Two risks confirmed. Run
prob_net_learn(graph, observations = list(A = 1, B = 1), num_samples = 1000). How does the portfolio cost distribution compare to seeing only \(A = 1\)? Is the combined effect larger or smaller than you’d expect from adding the individual effects?Add a fourth project. ★ Extend the network with a fourth project (e.g., a Bridge Inspection) with three tasks and three resources (Labor-4, Materials-4, Equipment-4), driven by the same three enterprise risks A, B, C. Add it to the portfolio node Y. How does total portfolio variance change? Does the risk importance ranking shift?
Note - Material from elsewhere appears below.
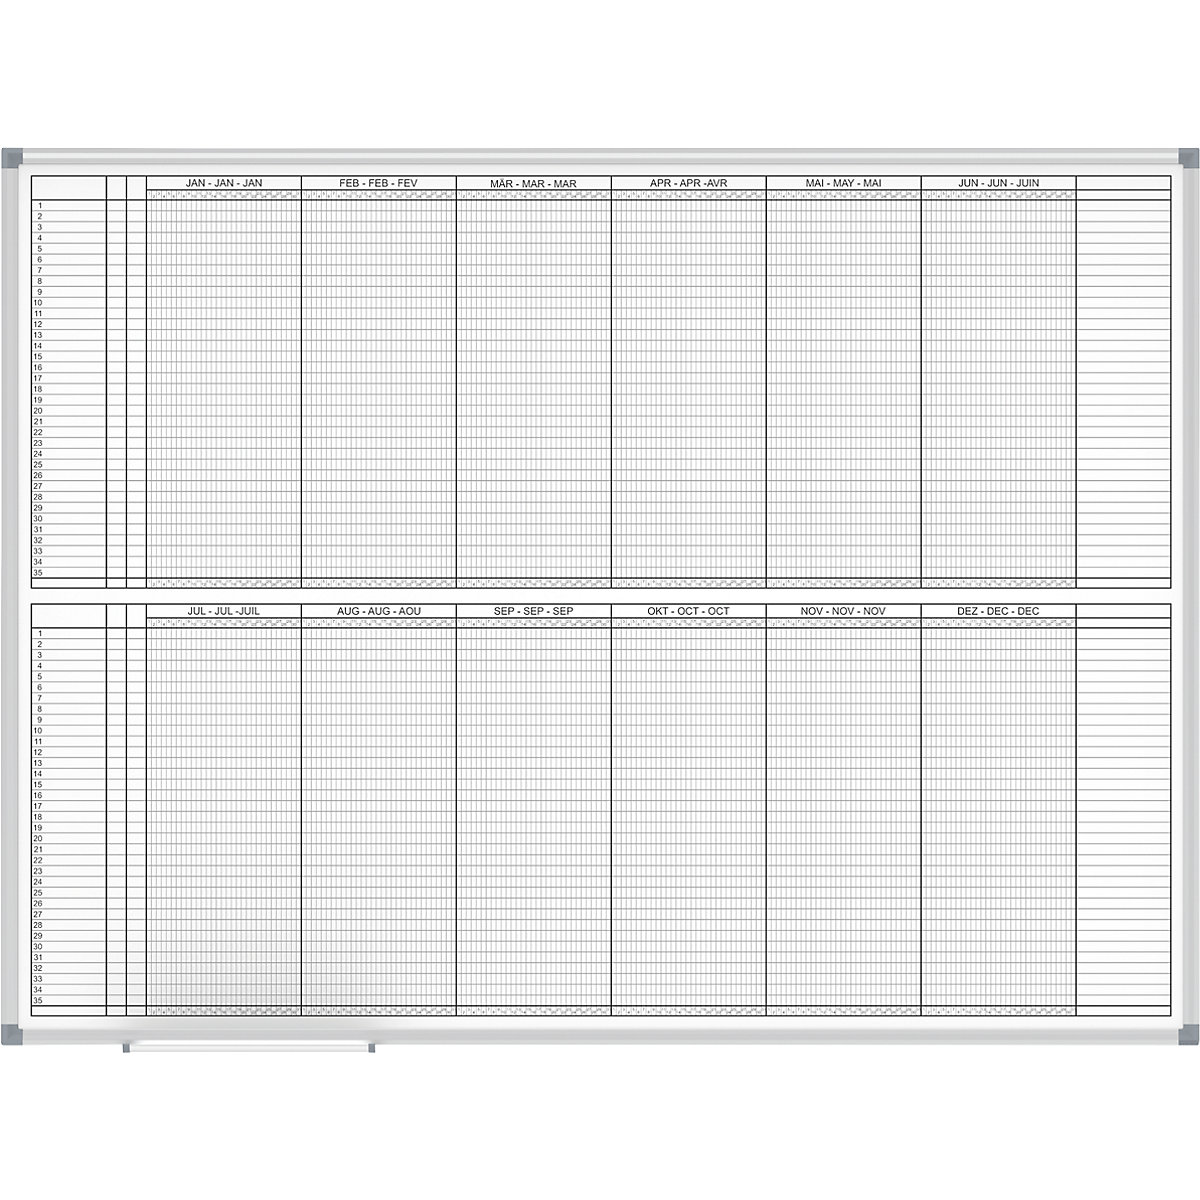 Planbord – MAUL, jaarplanner, weergave 2 x 6 maanden, breedte 1200 mm
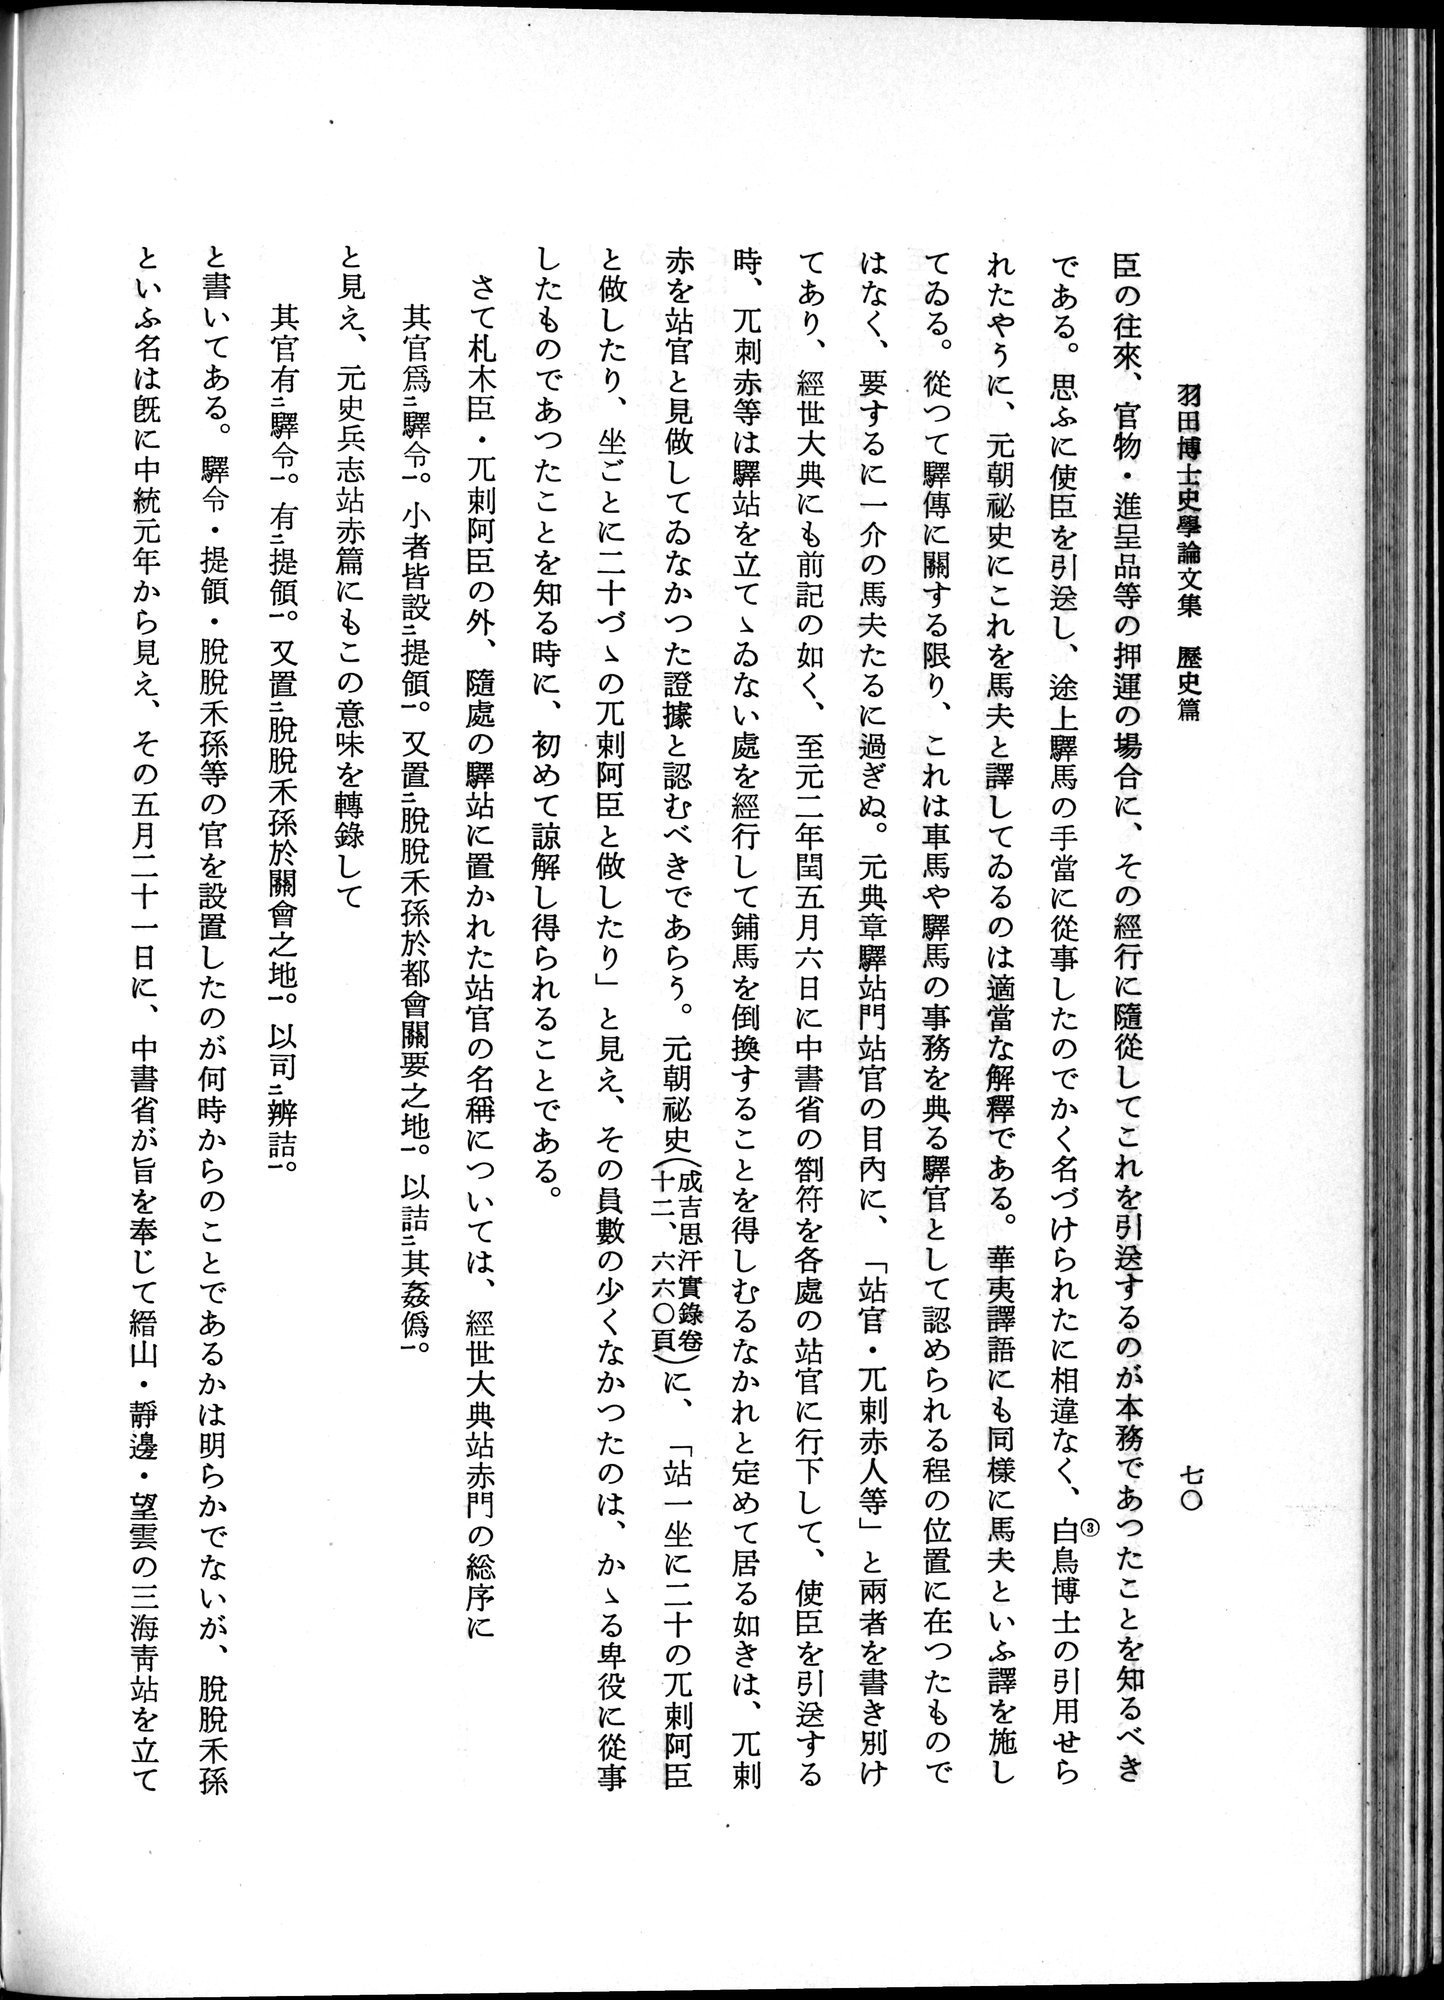 羽田博士史学論文集 : vol.1 / Page 108 (Grayscale High Resolution Image)

Causal graph design. ★ In the current model, Supply Chain Disruption (SC) drives both Labor Shortage (A) and Material Price Spike (B). Suppose you learn that, in practice, SC also affects Weather Delay (C) through disrupted logistics. Add an SC → C edge and update the C distribution to be conditional on SC. How does this change the see-versus-do analysis for C?